フランチャイズであるが、一般に想像する「あれしろ、これするな」というフランチャイズではない。各都市での独立した法人の経営は、その土地の起業家である設立者に任されている。
「フランチャイズをとっているのは、HUBカルチャーを守り育て拡散するためであり、フランチャイズによって収益を拡大するためではありません」と槌屋さん。
「HUBはどうせ輸入モノじゃないの?」と思われがちだ。特にフランチャイズという形態は、イノベーションを外圧に頼る文化と揶揄されやすい。しかし、HUBはいわばプラットホームである。iPhoneというハードはグローバルに普及する共通基盤だが、そこで展開されるアプリやコンテンツはローカル化される。それと似ている。
槌屋さんの話を続ける。
「立ち上げるための承認を1年半かけてウィーンにあるHUBグローバルから得ました。私自身のクオリティ、私とチーム組成の状況、私たちの持つネットワークの確かさ、メンターや私たちをサポートしてくれる人達との関係の深さ。これらが何度も問われました。それも中央のHUB グローバルがとやかく言う、という形ではなく、仲間であるオーストラリアなど他の都市のファウンダー達が、適宜色々と相談にのってくれ、そのおかげで東京にHUBが誕生したのです」
「人間関係の確かさや深さが問われた」という点に注目して欲しい。ぼくが、いいなあと思うのはここだ。
一般的に言って、コンセプトの明確さと人間関係という二つがプロジェクト推進力として要求される。それにも拘わらず、個人の能力や性格が多方面から分析されるように、人間関係そのものが定量的に測られることはあまりない。

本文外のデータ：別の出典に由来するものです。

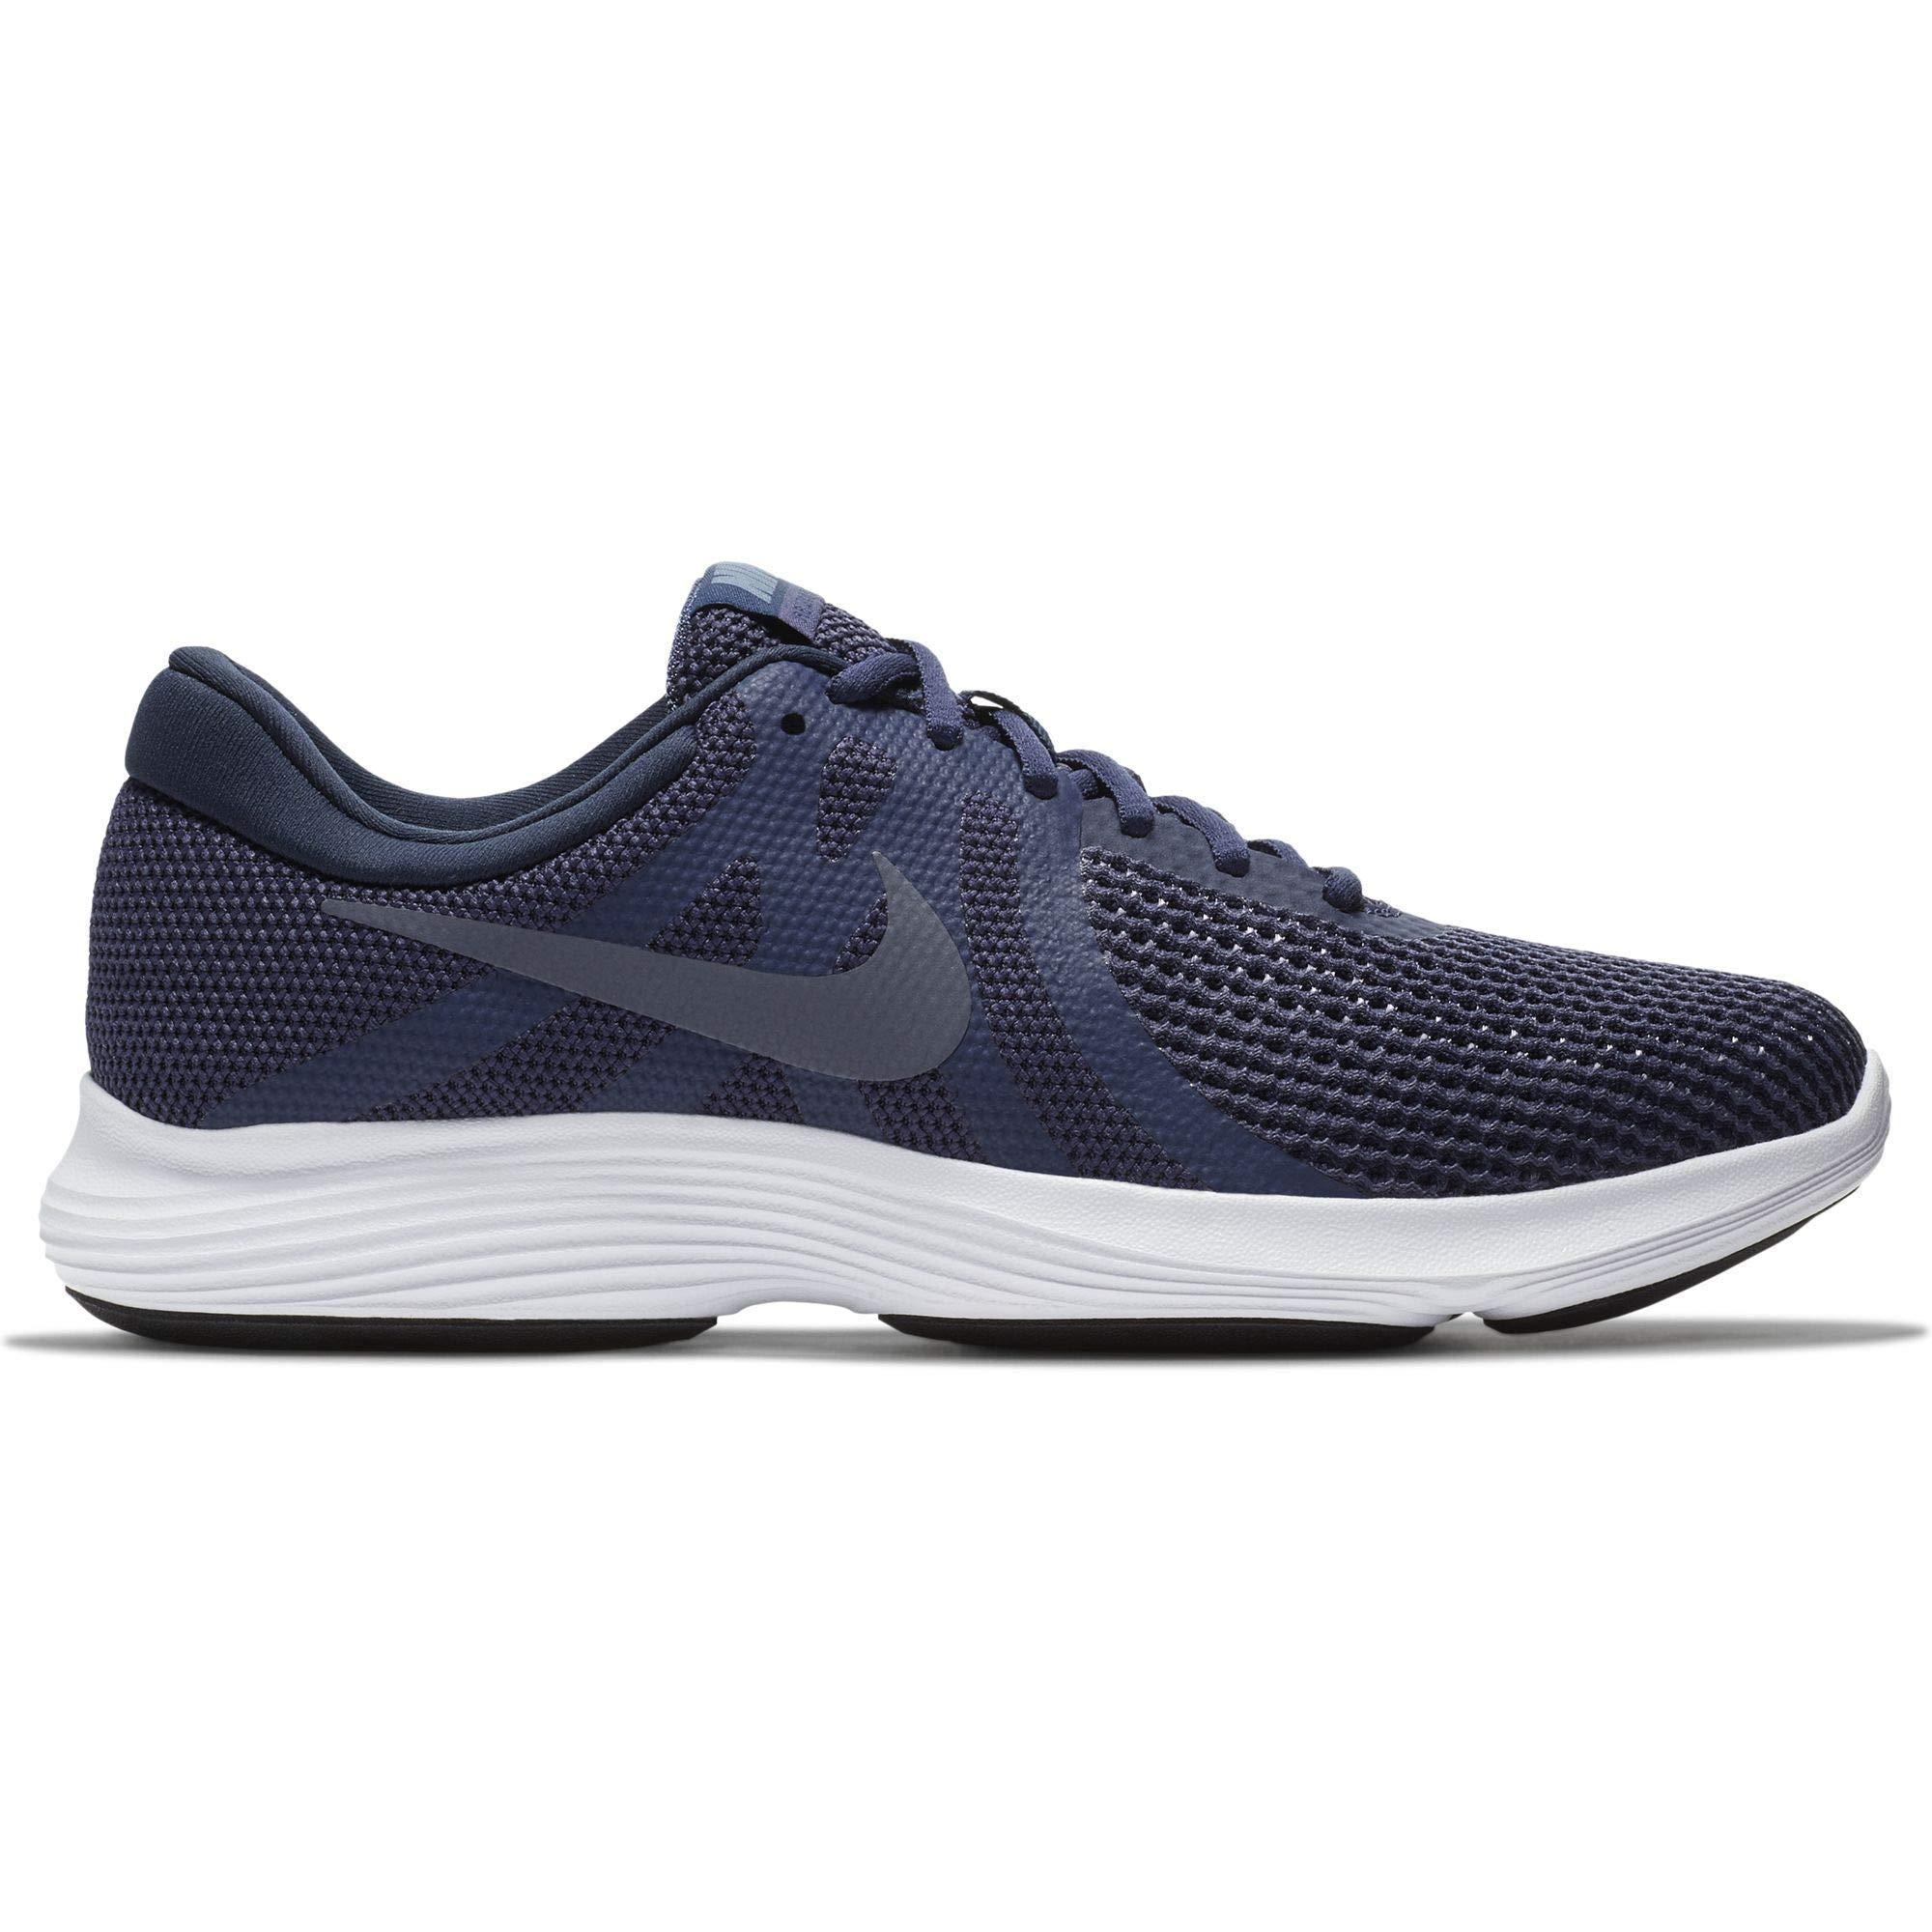 0903010231556 Galleon - Nike Men s Revolution 4 Running Shoe Neutral Indigo Light  Carbon Obsidian Size 11 M US

もちろんHUBグローバルが東京のチームをそのようにテストしたわけではない。が、色々な課題を与えながら「人間関係の確かさや深さ」をシーンで見抜こうとしたであろうことは想像がつく。この程度のトラブルで人が離れるのか。あの厳しい峠を仲間と乗り切ったか、と。
冒頭のテーマに戻る。大きな会社は名刺で社外とつきあうことが多いし、社内においても何処からかのサポートが得られる仕組みになっている。当然ながら、そこにおいて人間関係の質が問われないことはない。しかしながら常に何かに守られているケースと、いわば裸一貫で荒海に立ち向かう差は大企業のビジネスパーソンが想像する以上に大きい。

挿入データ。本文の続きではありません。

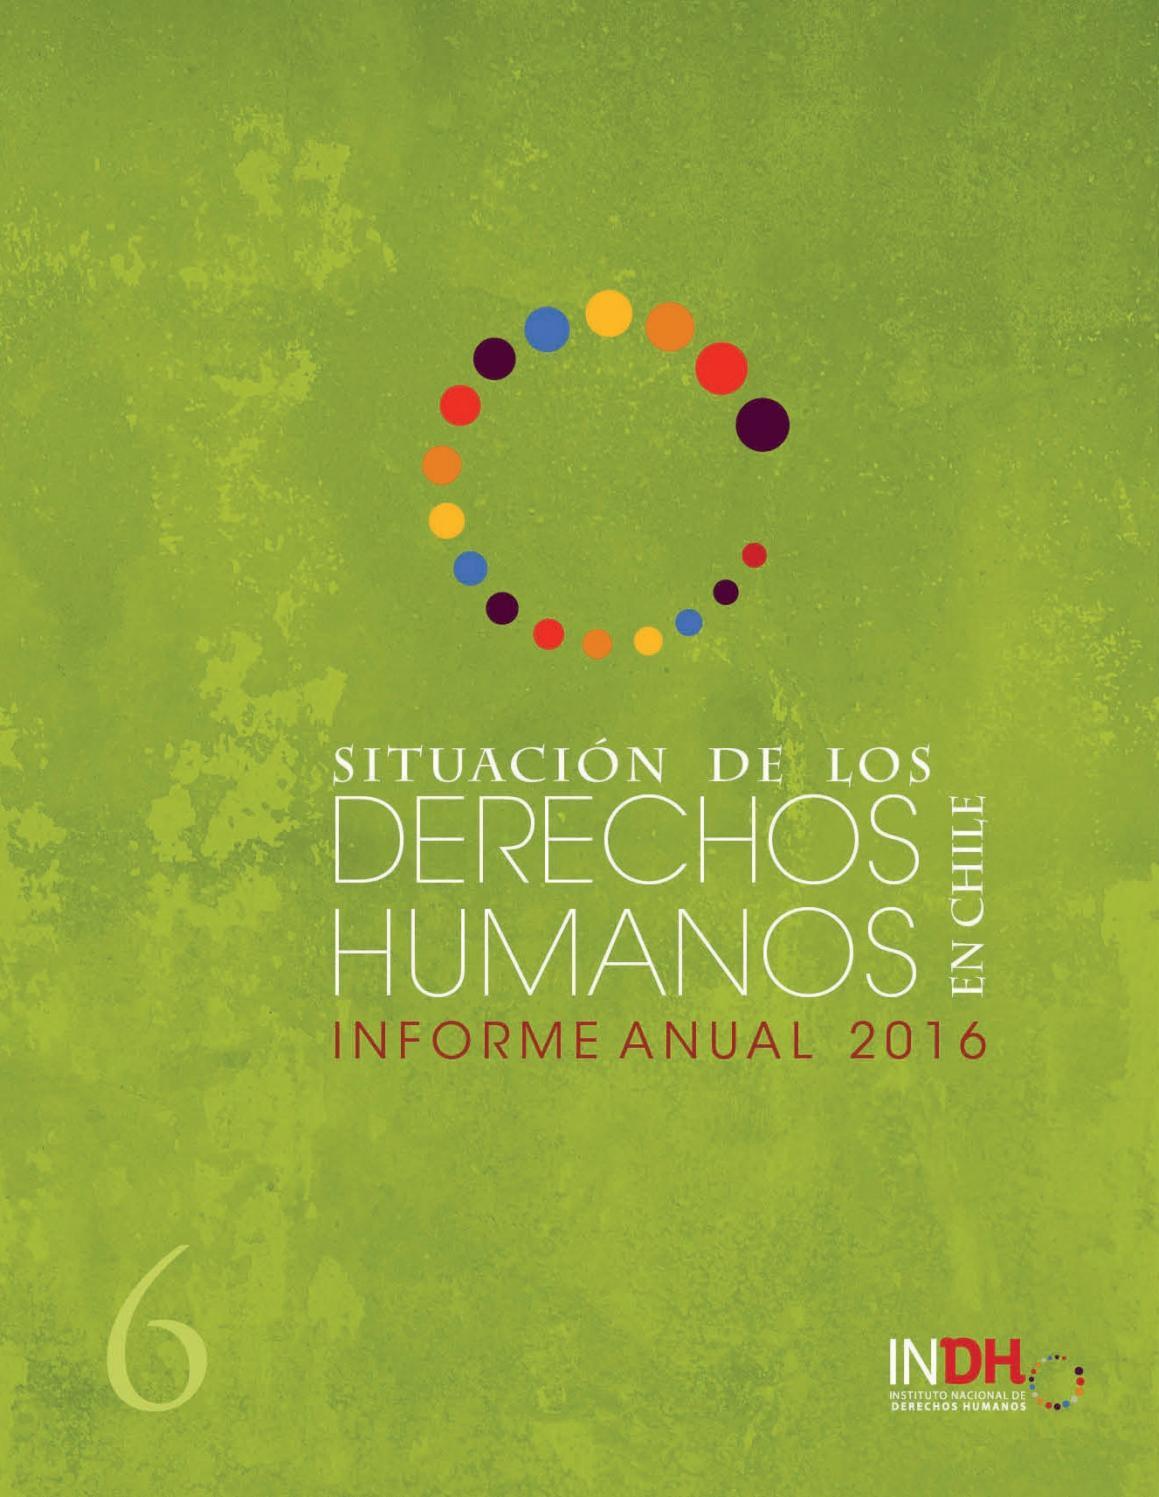 Informe anual indh 2016 by Instituto Nacional Derechos Humanos - issuu

イノベーションを実現するには、小さくても良いからお金が動くカタチが見える実験をどんどんやってみることだ。これができないから大企業の歩みは巨象の如くと比喩される。
そこで組織の意思決定プロセスが槍玉にあがる。だが、そもそも挑戦して一歩踏み出す際の人間関係が希薄だからではないのか?はじめの一歩を支えてくれる人が脇にいないから平日の昼間にHUBに行けないのではないか?
イノベーションを望むなら目線をもう一度基本に戻すべきだろう。